Итак, они снова были вместе — Лестужев и Милмой, и таких золотых минут в жизни больше и не жди: когда мчишься с другом к тем, кто покорен был тоже давней музыкой молодости, то ценишь не только эти трогательные минуты, а еще и надеешься на улыбку и рукопожатия тех, кто ахнет при виде такого молодого Милмоя, еще как ахнет!
Хотя, конечно, все может быть: пока ты брел по жизни, то навидался всякого, и там, где ты ждал сердечности, порой поворачивались к тебе спиной. А ты? Ты был рад, что те, повернувшиеся к тебе спиной, не видели хотя бы, как тик творит свое гнусное дело с левой твоей щекой: то к глазу придерется, принудив смежить веки, то уголок рта поведет в сторону гримасы. И коль повернулись
Да, Милмой, если начистоту, лучше бы и не мчаться к Митько и Беренщиковой: был момент, когда легким делом казалось перейти в конструкторское бюро, где нашли хорошо оплачиваемое счастье Митько и Беренщикова, да эта чета почему-то не пожелала, чтобы еще один сокурсник перелистывал бумаги и мурлыкал про себя, безмолвно, песенку удачи, и чета совершила то, о чем и вспоминать не хочется. Зачем теперь, когда аккордеон твой, Милмой, приятно стимулирует даже нынешнюю жизнь, вспоминать о том, как руководитель конструкторского бюро посмотрел проницательно и грустно, точно ему известны все пороки былого сокурсника семейной пары — Митько и Беренщиковой? Молчу, Милмой, молчу! Молчу еще и потому, что я тайно предаю тебя: везу тебя к тем, кто в студенческие лета поклялся тебе воздать в любое время жизни самой высшей благодарностью за то, что стало твоим благодеянием для обоих. Если бы ты знал тайный замысел отвезти тебя к счастливой чете и взять с нее всего лишь ночлегом за былой твой подвиг во имя четы, в ту пору лишь вступившей на порог, на первые ступени семейных радостей, — ты бы, возможно, и отказался от визита, от окликов типа «виват!», от вина. Ведь все, что совершал ты во имя друзей, ни тогда, ни в будущем не предполагало никакой платы. Бескорыстие — высшая плата для души, особенно для такой, как твоя, неутомимый увеселитель, безотказный музыкант. Но что поделать, Милмой, если появился ты в столь неудобный момент, когда ключи, сброшенные с четырнадцатого этажа, сказали не то чтобы о самоубийстве их владельца, но явно о том, что их бывший владелец уже не найдет, уже не подберет новых ключей к дому на Измайловском шоссе?

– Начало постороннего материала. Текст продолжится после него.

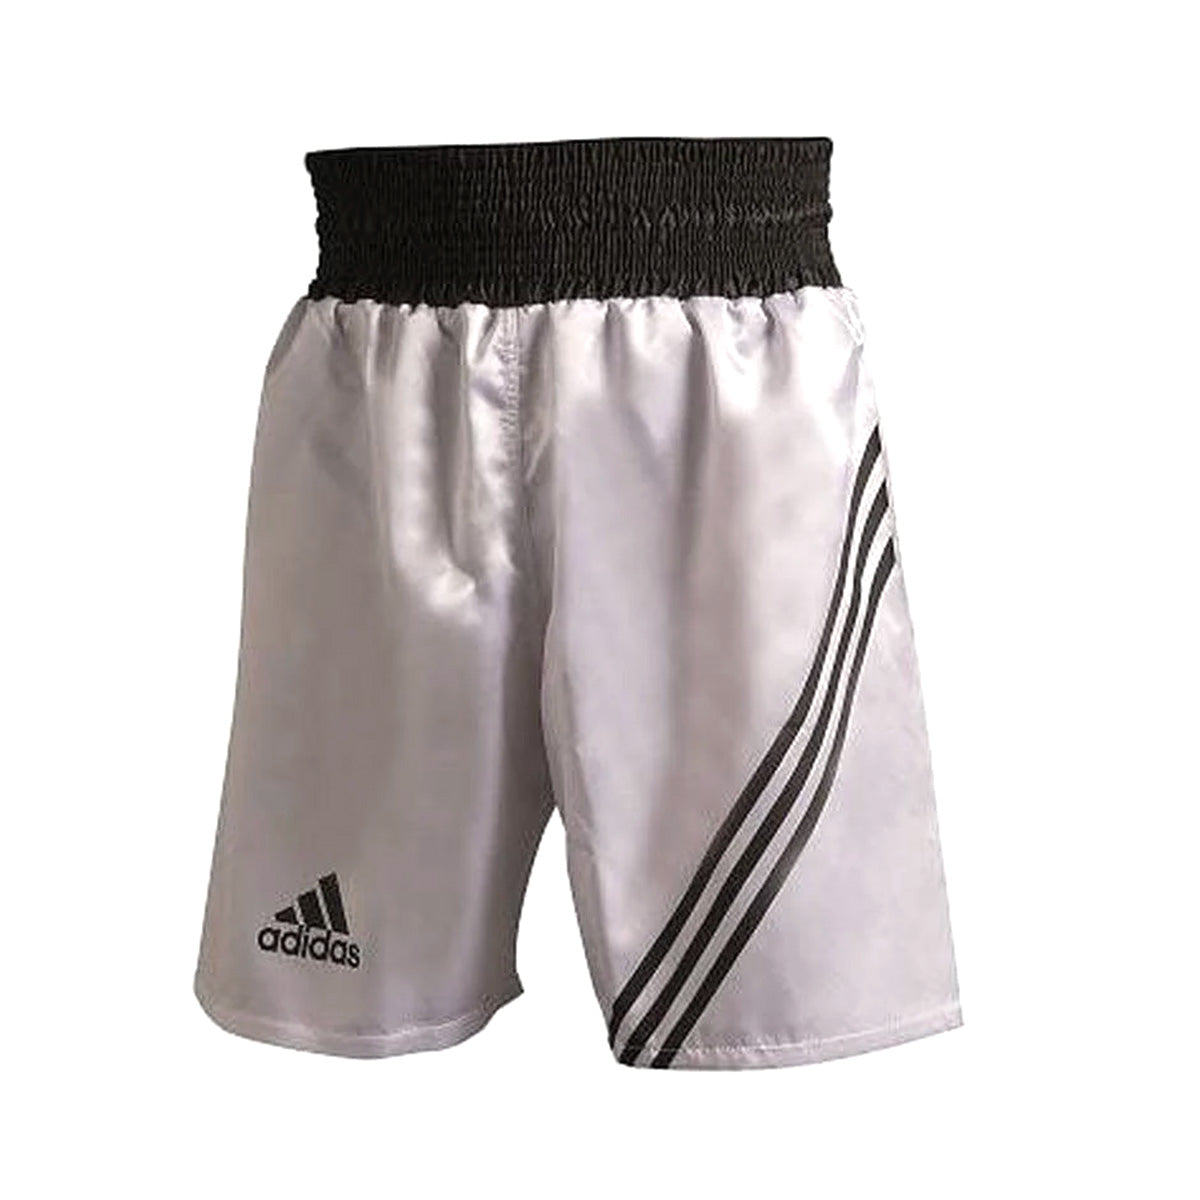 Adidas Multi-Wear Boxing Shorts-Adidas®-XL-Canada Fighting

Тем не менее, думал Лестужев, ехать с Милмоем все же до удивительного несравненно, тем более летом, когда такая упоительная жара. Нет, жара лишь там, всюду, справа и слева, во всей Москве, а здесь, на этом диване о четырех колесах, — ветры, возникающие только при быстрой езде: приспущенные боковые стекла — отличная лазейка для них, таких теплых дуновений. Когда нет ключей от дома, где плачет или уже рвет и мечет покинутая жена, когда кощунственна мысль о ласке той, из-за которой готов был выброситься из окна, за компанию с ключами, или же убить свое чувство к ней, такой любимой предательнице, то начинаешь обращать внимание на то, какая природа в Москве, и вдруг делаешь открытие: вот минута, когда не нужна ласка жены, а благословенна эта ласка лета, эти шлепки ветряной ладошки по щекам. Да ведь и в Москве, где сплошные каменные хребты или такыры площадей, в июне особенно свежо проглядывают лужайки не лужайки, а газоны, трава вдоль шоссе, а то и скверы — эти заповедники цветов или охраняемых горизонтальной, рассчитанной на всю корневую систему, решеткой для избранных деревьев. Это и есть природа Москвы, ее зеленый цвет. А посмотри-ка, Милмой, посмотри, как над равнинами скверов или площадей струится, волнуется, свивается в прозрачные смерчики воздух: танец жаркого июня, Милмой.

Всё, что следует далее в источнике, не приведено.